Texas Business Organizations Code Company Agreement

For these limited liability companies before the TBOC, a member`s obligation to make a contribution or otherwise pay in cash is only in writing and signed by the member. (Art. 5.02A of the Old Law). A member who is required to contribute or the legal representative of such a member must do so, even if the member has died, is disabled or if circumstances have changed, unless the regulations change or all members accept non-payment. (Art. 5.02B and 5.02D of the Old Law). Even if a member or his legal representative has obtained the agreement of the other members in the event of non-payment, a creditor of the company who acts „in reasonable accord“ of the performance of this enforceable obligation may, before its cancellation, assert the original undertaking. Section 2.01 of the Old Law states that „a limited liability company… may engage in lawful business activities, unless their organizational articles or regulations specify a more limited purpose.“ Similar provisions of the TBOC for all reported agencies are contained in Chapter 2 of the TBOC. (e) This section shall not be interpreted to deprive a member of a limited liability corporation or other owner of a limited liability corporation of the benefits of the exceptional laws that apply to the member`s or owner`s affiliate interests.

Members of a limited liability company have the right to share the distribution of cash or other assets of the company under the company agreement/settlement.
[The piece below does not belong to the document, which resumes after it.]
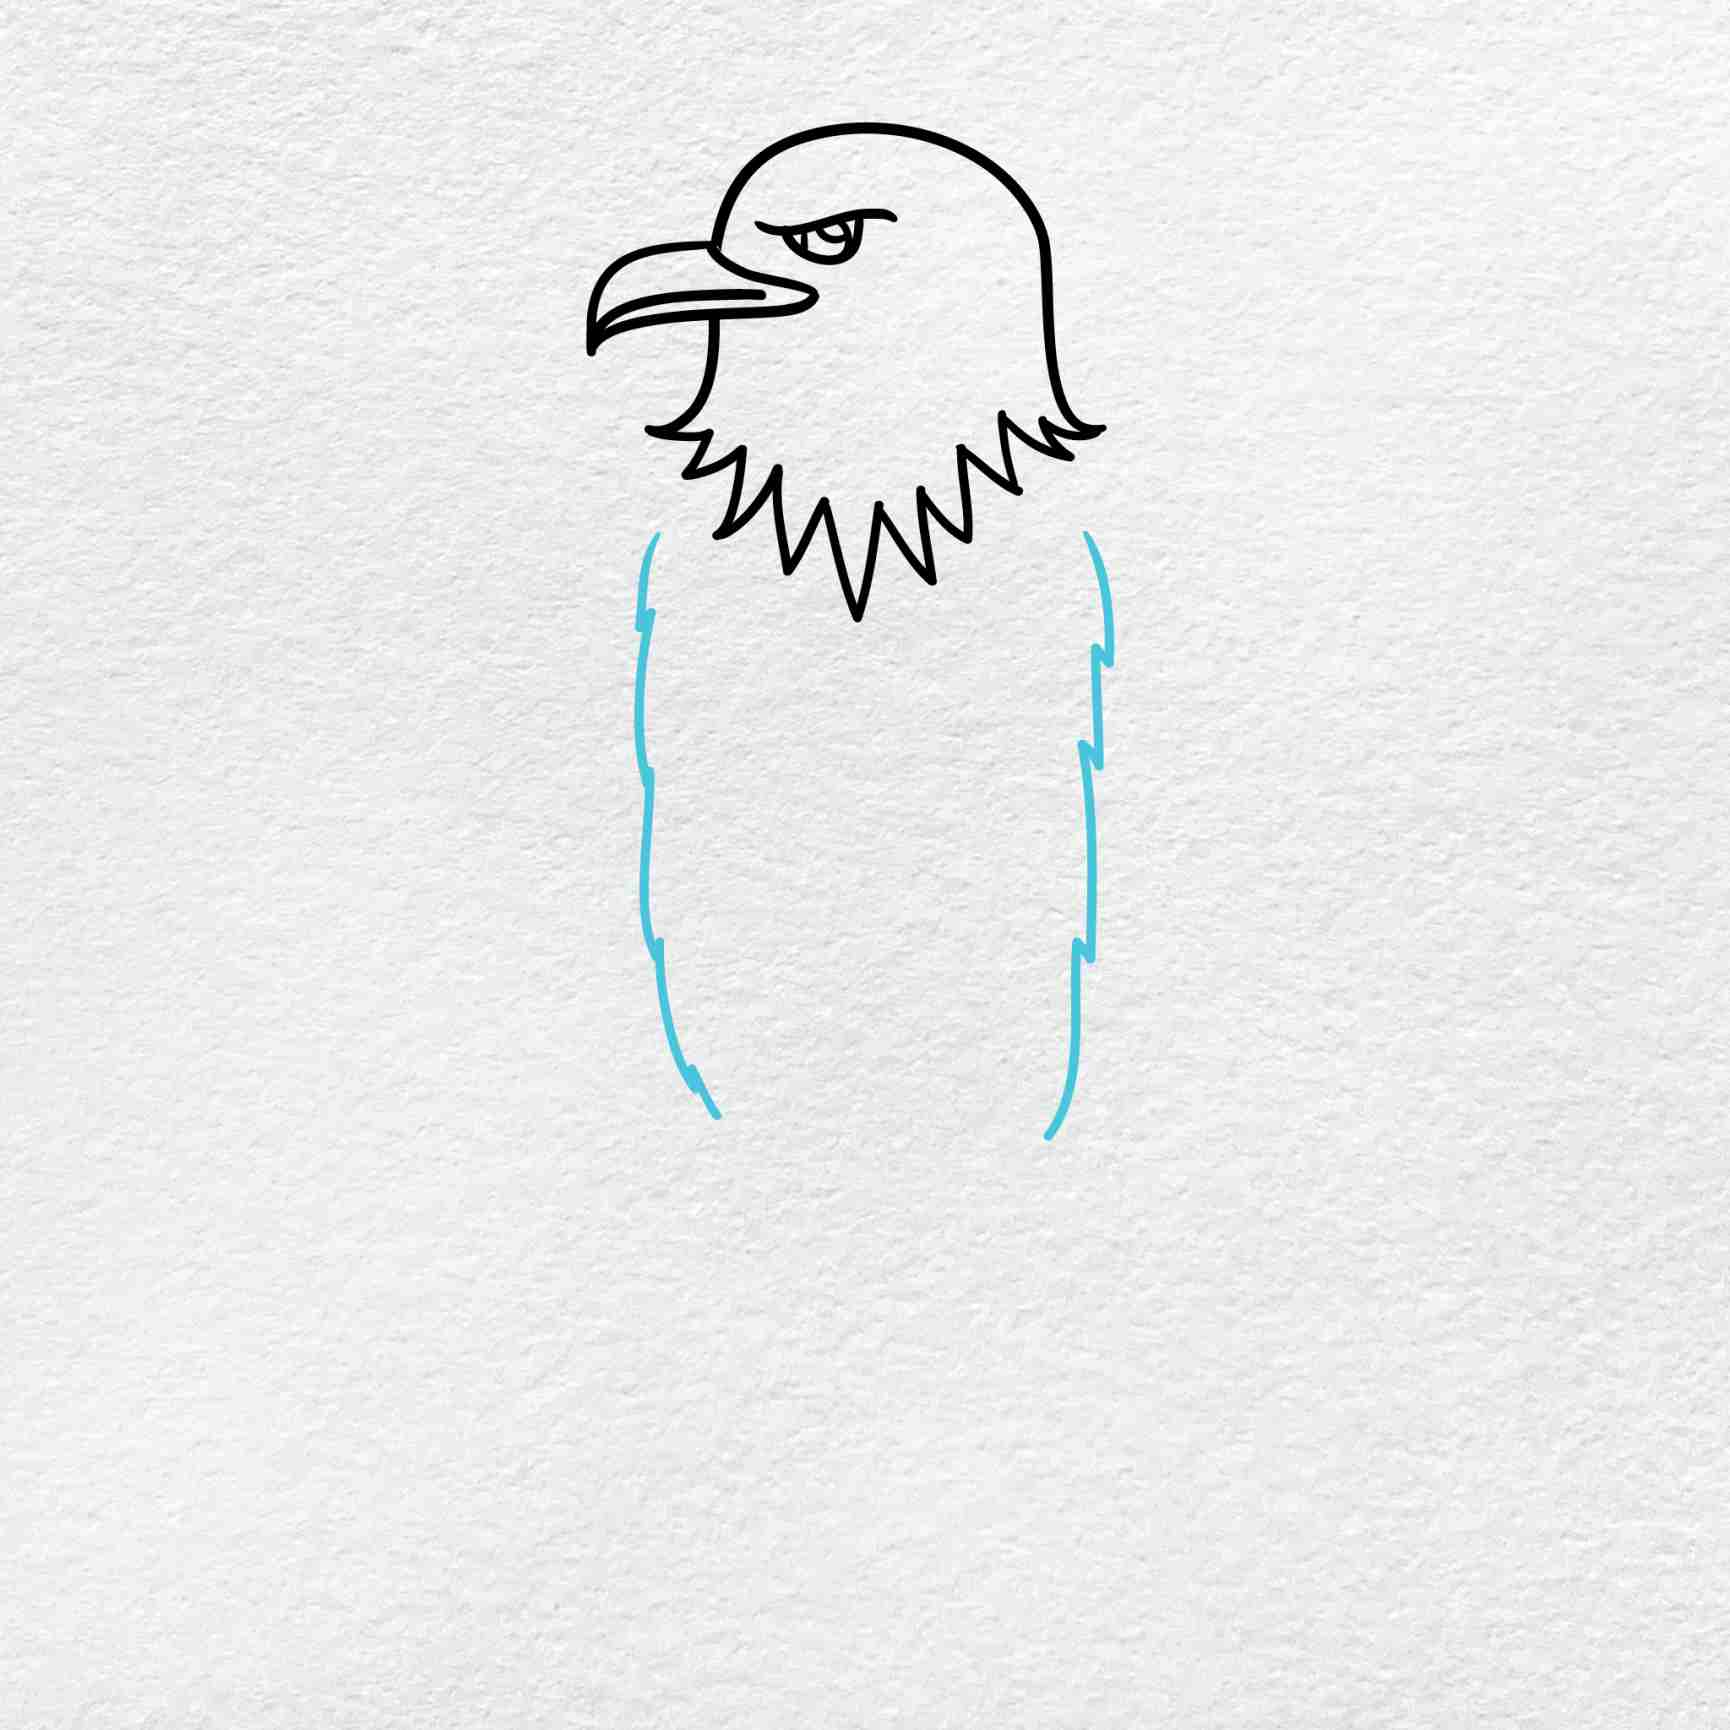 Bald Eagle Drawing: Step 3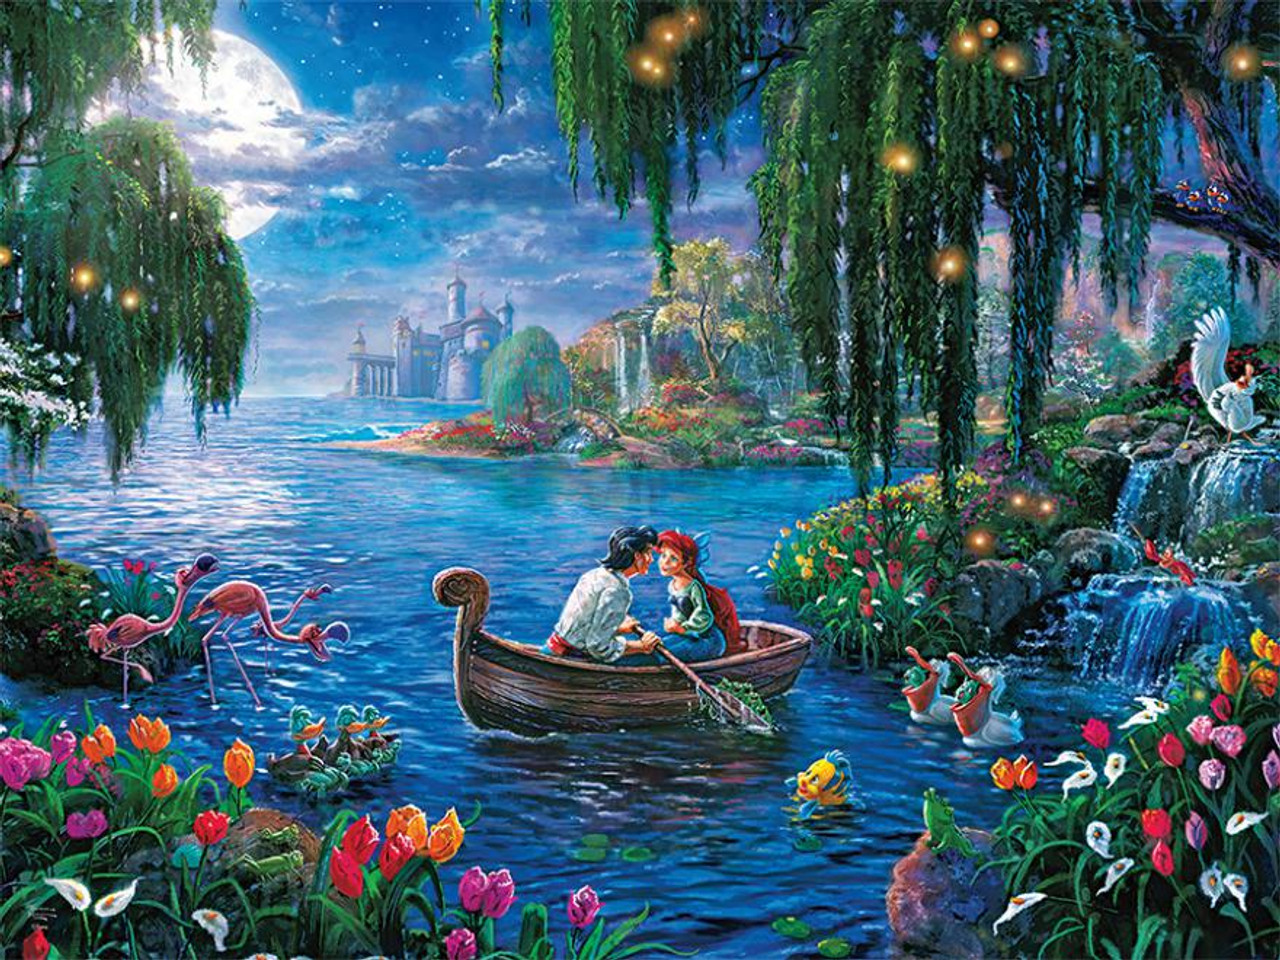 Thomas Kinkade Disney Princess Little Mermaid II 300pc

If the agreement/provisions of the company are implied, the distribution is consistent with the „agreed value“ of the members` interests. (TBOC 101.203/Art. 5.03 of the Old Law). Therefore, if the intention is that the distributions are disproportionate, this must be included in the company agreement/settlement. This contrasts with S-Companies, which, under current U.S. income tax legislation, do not allow disproportionate allowances. Therefore, limited liability companies that have accepted company status S should ensure that enterprise agreements/regulations do not allow disproportionate allocations and, if not, comply with S-share rules.